The IEA forecasts total oil output to rise in the US this year by 520,000 bpd to about 9.4 million bpd.
“But it is not all about the US” in terms of non-Opec supply, the IEA notes. With supply increases from some regions, including Brazil and Canada, and declines elsewhere, it is forecasting net non-Opec supply growth this year of 380,000 bpd.
The IEA noted that comments by Saudi Arabia’s energy minister, Khalid Al Falih, last week in Abu Dhabi underlined the fragile state of the market.

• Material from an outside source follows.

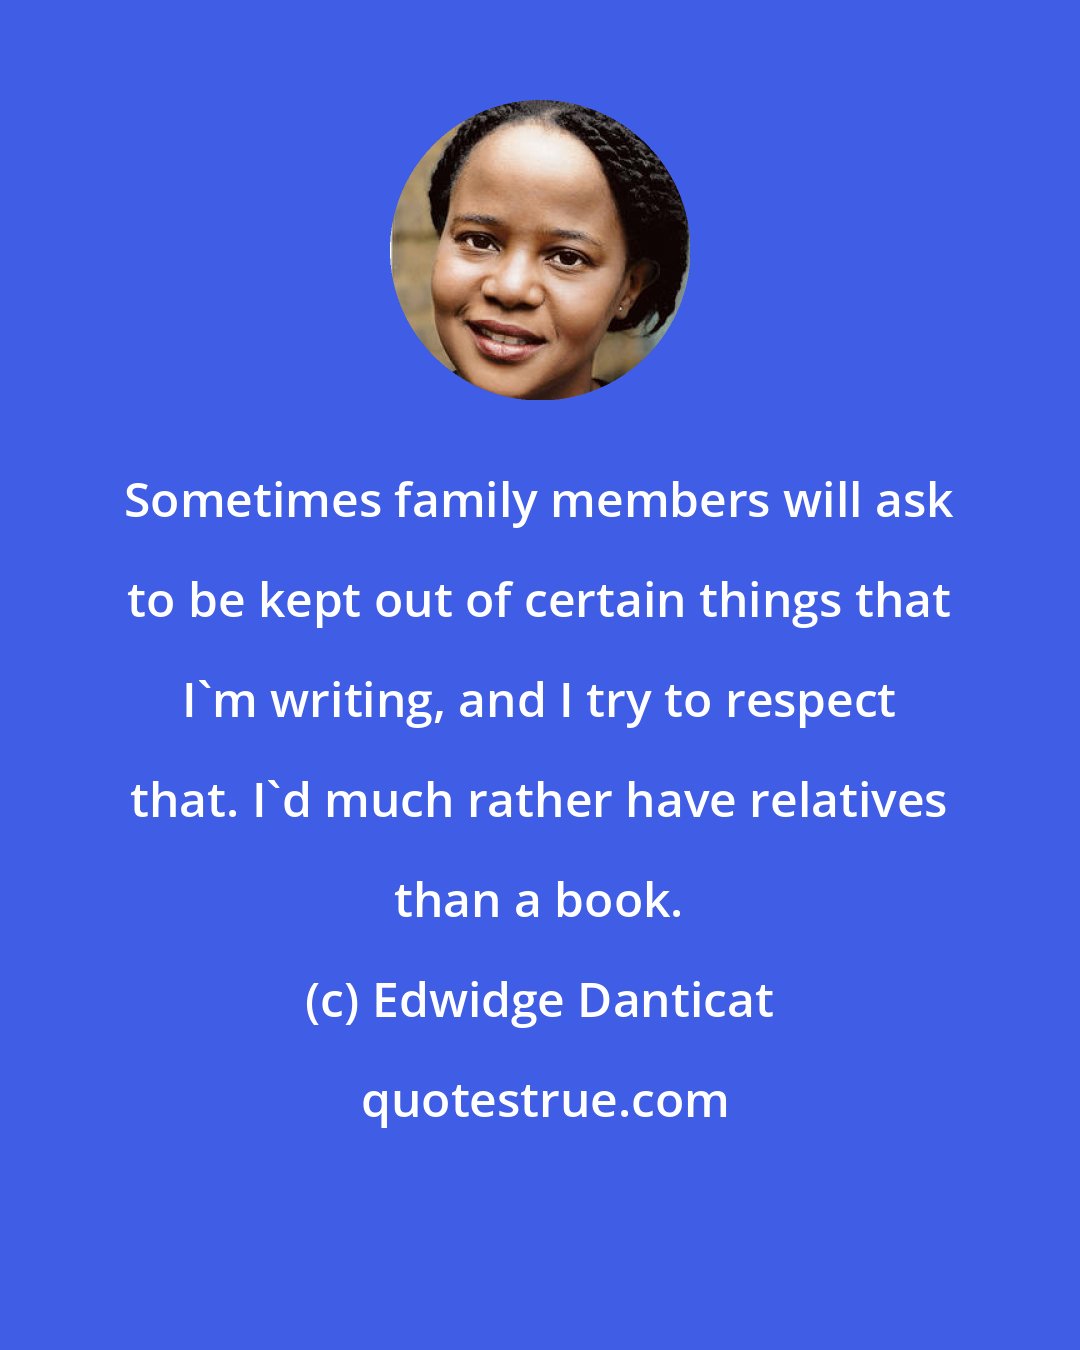 Edwidge Danticat: Sometimes family members will ask to be kept out of certain things that I'm writing, and I try to respect that. I'd much rather have relatives than a book.

“By saying that an extension was ‘unlikely’, he has issued a powerful reminder that if stocks are drawn in the first half of 2017 by the approximately 700,000 bpd implied by Opec producing close to its target, with support from other producers, the market will have tightened and prices stabilised but not at a sufficiently high level to allow another bonanza for high cost producers,” IEA analysts say.
In other words, the Saudi minister’s comments on the likelihood of an extension – which are challenged by a wide number of neutral observers, who argue that it will take a year, maybe two years, of output-constraint to sufficiently eat into the oil inventory glut – are an attempt to keep a lid on prices so that they don’t overheat and encourage back high-cost production too soon.
“It’s a matter really of working off the global inventory levels and that is a protracted process,” said Helima Croft, the head of commodity research at RBC Capital Markets.
“We don’t talk about prices being $60 or $70 in the next quarter because we do have to work off these inventory levels,” which is likely to take years.
Patrick Pouyanné, the chief executive of French oil major Total, agrees: “These agreements will have to be implemented by all actors because the market is still fragile. Getting supply equal to demand could come in six months but … you need to be able to eliminate these huge inventories and you don’t do this in six months. You need more like two years.”
“In the meantime, the market awaits the outcome of the output deal,” the IEA says.